One of the most common health issues of being morbidly obese is sleep apnea. I experienced sleep apnea for almost two decades and didn’t know it! According to a Johns Hopkins University study in Baltimore, “Severe sleep apnea raises the risk of dying early by 46 percent.” Now THATS a percentage to take note of!
I learned all about sleep apnea upon returning home for a long West Indies sailing adventure. I shared a cabin with two other friends, who, upon the first night together, I’m amazed they didn’t throw me overboard! During breakfast the first morning out to sea, they both told be I snored loud enough to possibly break our cabin portal! They also mentioned they feared for my life! Why? I’d stop breathing for long periods of time, only to shatter the silence when my body convulsed enough to restart my breathing. I had NO clue about all this until that fateful morning. Of course, I felt terrible about all this. Looking back, I see now how my obesity took its toll on the health of two dear friends. (Your health does, indeed, factor into the health of everyone you hold near and dear.)

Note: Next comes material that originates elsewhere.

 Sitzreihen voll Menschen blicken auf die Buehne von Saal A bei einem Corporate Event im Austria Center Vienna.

After the dust settled from that trip, I spoke with my Doctor about my sleeping habits. I received a referral to a sleep apnea clinic. WOW! What an experience. The technician was amazed that I didn’t exhibit the traditional signs of sleep apnea based on my sleep study results. Given my results (a 95 out of 100 score on their scales), I should have been one of those folks who falls asleep at the wheel when driving, falling asleep at my desk, etc. Based on their scales, newborns may score a 25 on their tests (meaning, just about everyone has some form of sleep apnea from time to time). A 95 was considered life threatening.

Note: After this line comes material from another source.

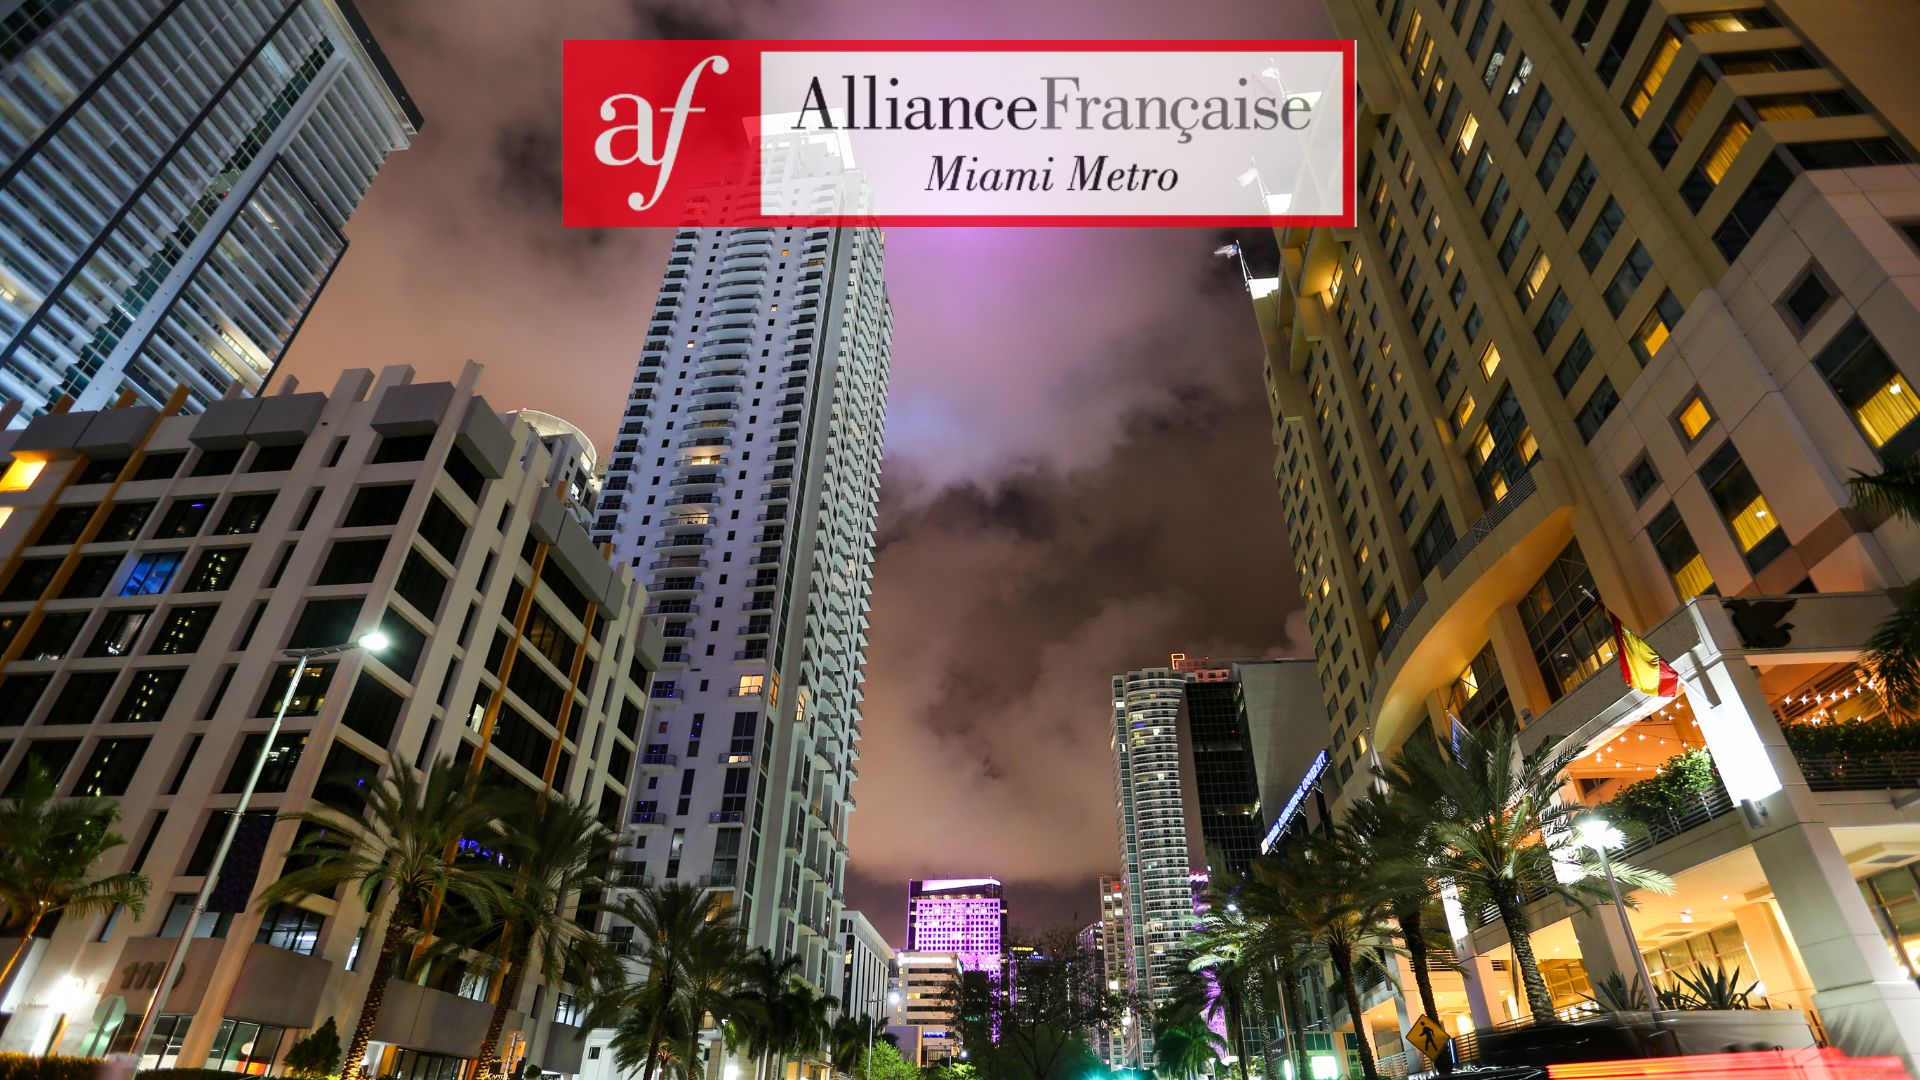 Des locaux pour l’Alliance Française “Miami Metro“

My Doctor wanted me to IMMEDIATELY start using a C-PAP machine to help me breath better while sleeping. GREAT! A face-mask strapped to my fat face forcing air into my nose and mouth all so I might experience a sound sleep. I understood the implications of turning down a C-PAP machine when I opted for the more dramatic option. Surgery. A risky procedure known as Uvulopalatopharyngoplasty (or UPPP) combined with a full tonsillectomy. Thankfully, all turned out well.

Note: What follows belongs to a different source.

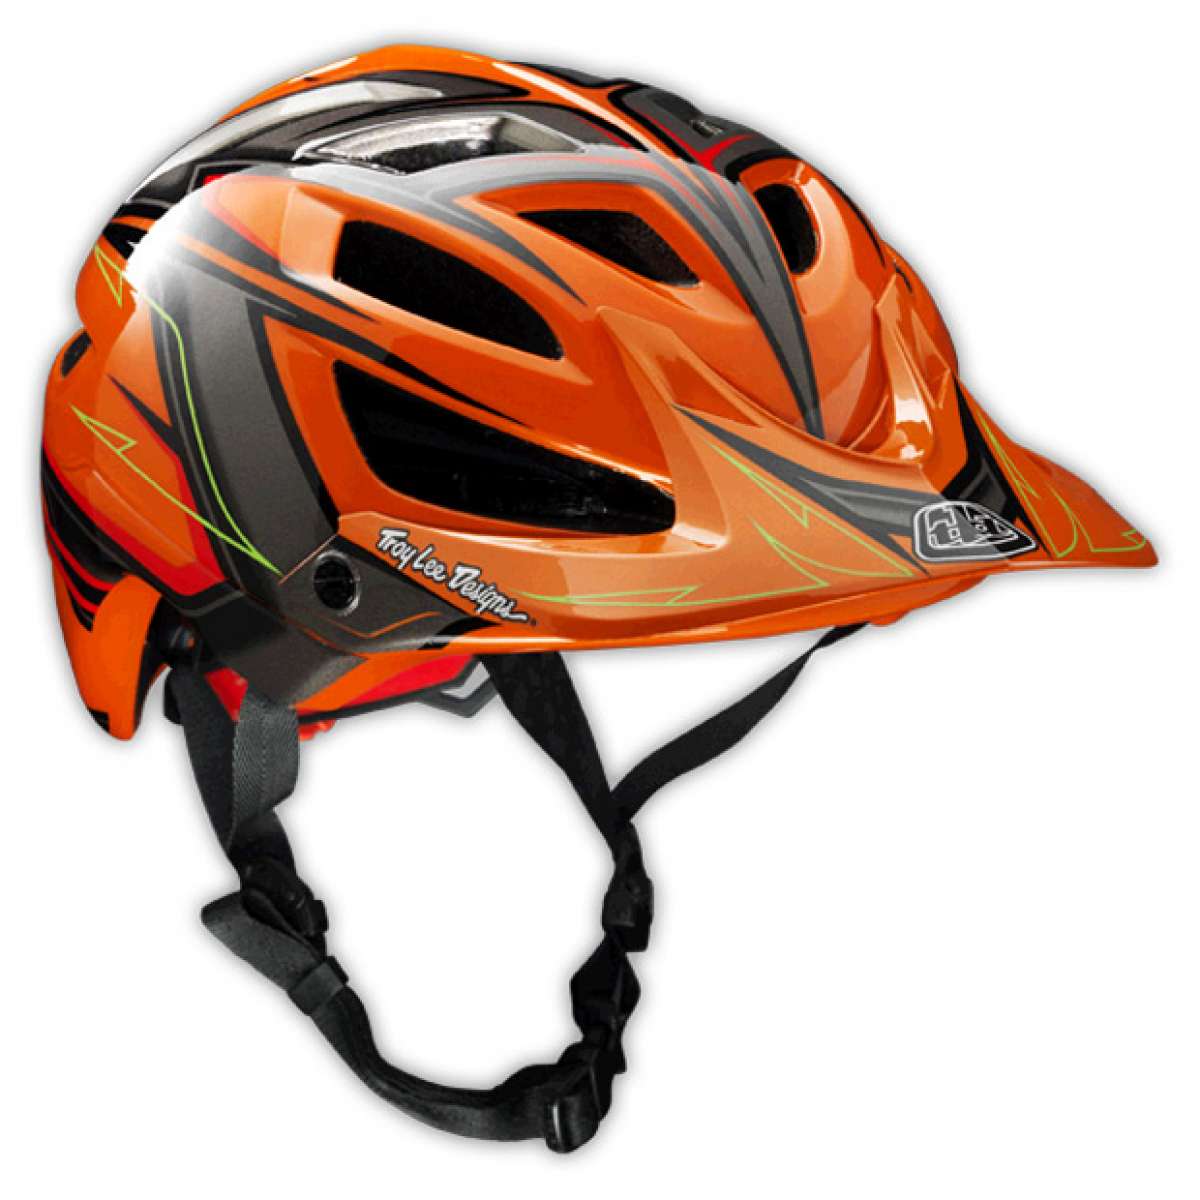 Troy Lee Designs 2014: Nueva gama de cascos con ediciones firmadas de Cam Zink y Aaron Gwin incluidas

Moral of the story, obesity often results in sleep apnea. Sleep apnea robs our bodies of necessary deep sleep time. If you’re partnered with someone, you may be robbing them of their sleep time with all that snoring! As we all know, lack of deep sleep depletes our immune system as well as increases our chances of being less than kind to ourselves and others. Think about it! If you’re over weight and feel tired all the time, it’s time you realize you may have a severe case of sleep apnea. Get this checked out ASAP!